Monday, February 9, 2009

Courses

French 3058-Advanced Oral Communication: La Vie Contemporaine—Kevin Bongiorni
This class will focus on contemporary France. We will read about and discuss contemporary issues. Students will also be required to participate in a number of out of class activities including on the street interviews and participation in the Fête de la Francophonie Américaine in Troyes.

French 4915-Independent Work—Kevin Bongiorni and Rosemary Peters
Permission of Instructor required

French 2154-Intermediate Oral Communication—Rosemary Peters
The goal of this course is to improve students’ comfort and fluency in spoken French, through oral practice around day-to-day living. By the end of the 5-week course, students can expect to be able to perform oral tasks at various skill levels, including asking for directions; buying a métro/train ticket; shopping at the marché; asking about/discussing the weather; making a hotel reservation; ordering in a restaurant; interviewing native speakers; answering questions about themselves, their families, their studies; exchanging money; summarizing a short reading passage; describing an activity in detail; offering opinions on a film; conducting substantial conversations with native speakers; conducting a sustained phone call in French; leading a class discussion about a recent event, experience or conversation.

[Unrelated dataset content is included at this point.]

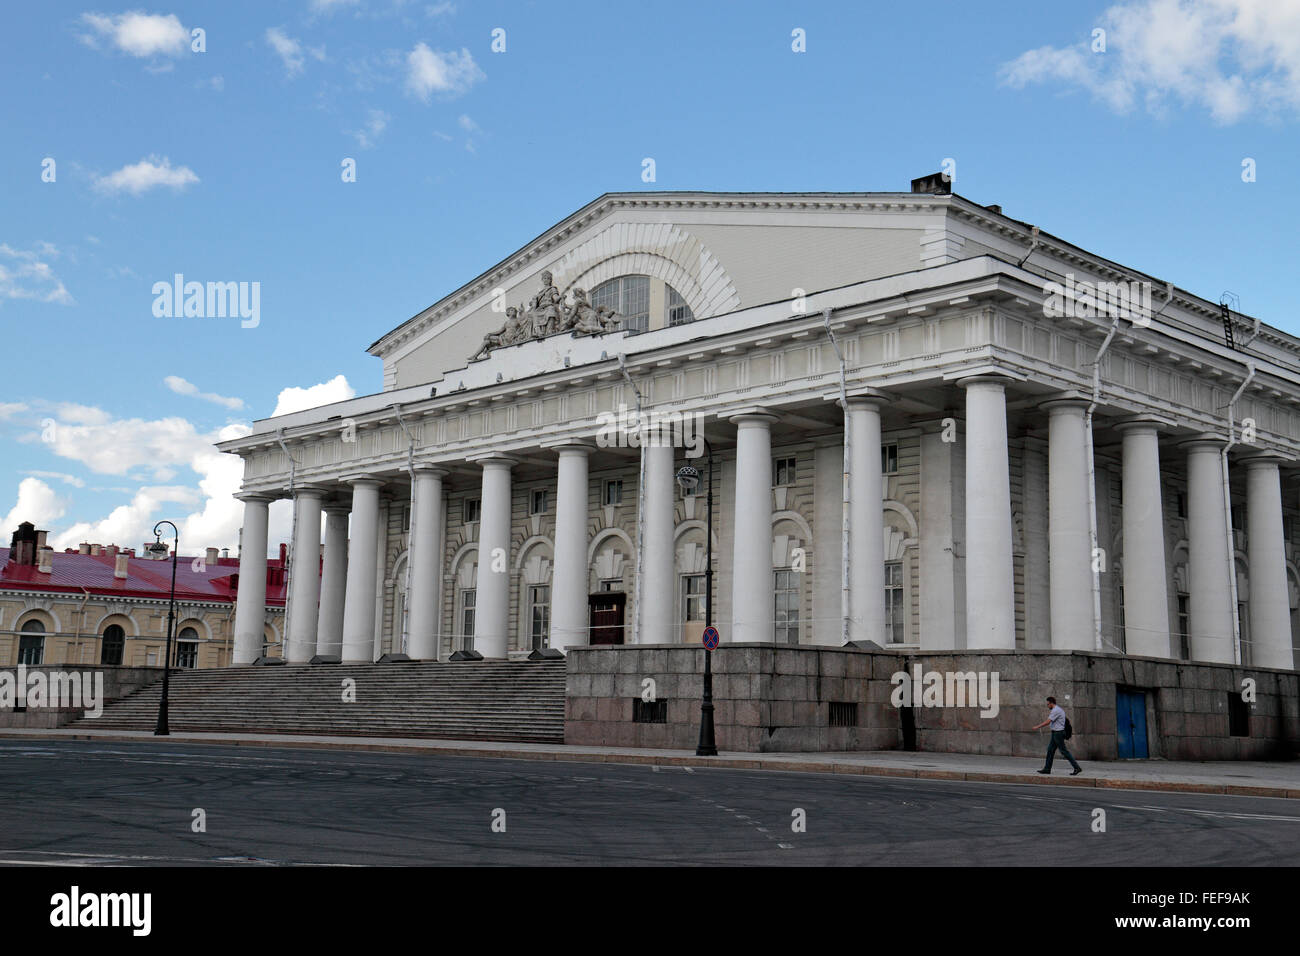 The Old Saint Petersburg Stock Exchange (also Bourse) in St Petersburg, Russia. Stock Photo

French 2801-French Classics in Translation: Writing Père Goriot's Paris: The Past and Future City—Rosemary Peters
What is a city? This course will focus on the experience of Paris as a place & a personality, through an in-depth reading of Honoré de Balzac’s 1834 novel Le Père Goriot. In Balzac’s novel, we encounter the ghosts of Paris’s pasts, from medieval urban organization to Revolutionary economics, Napoleonic social nobility to early industrialization that will propel the city from the past into the present and future. Students will examine how the Paris of today remains influenced by events and inventions of the nineteenth century, through the lens of how the Paris represented in 19th C writing was shaped by the preceding centuries. Through museum visits, walking tours, short readings, films and cultural activities, students will gain insight into the many natures and identities of Paris, its architecture, its flavor, its history and its vision for the future.

*French 4031-The French Film: The French New Wave and Beyond—Kevin Bongiorni (June 16 – July 1)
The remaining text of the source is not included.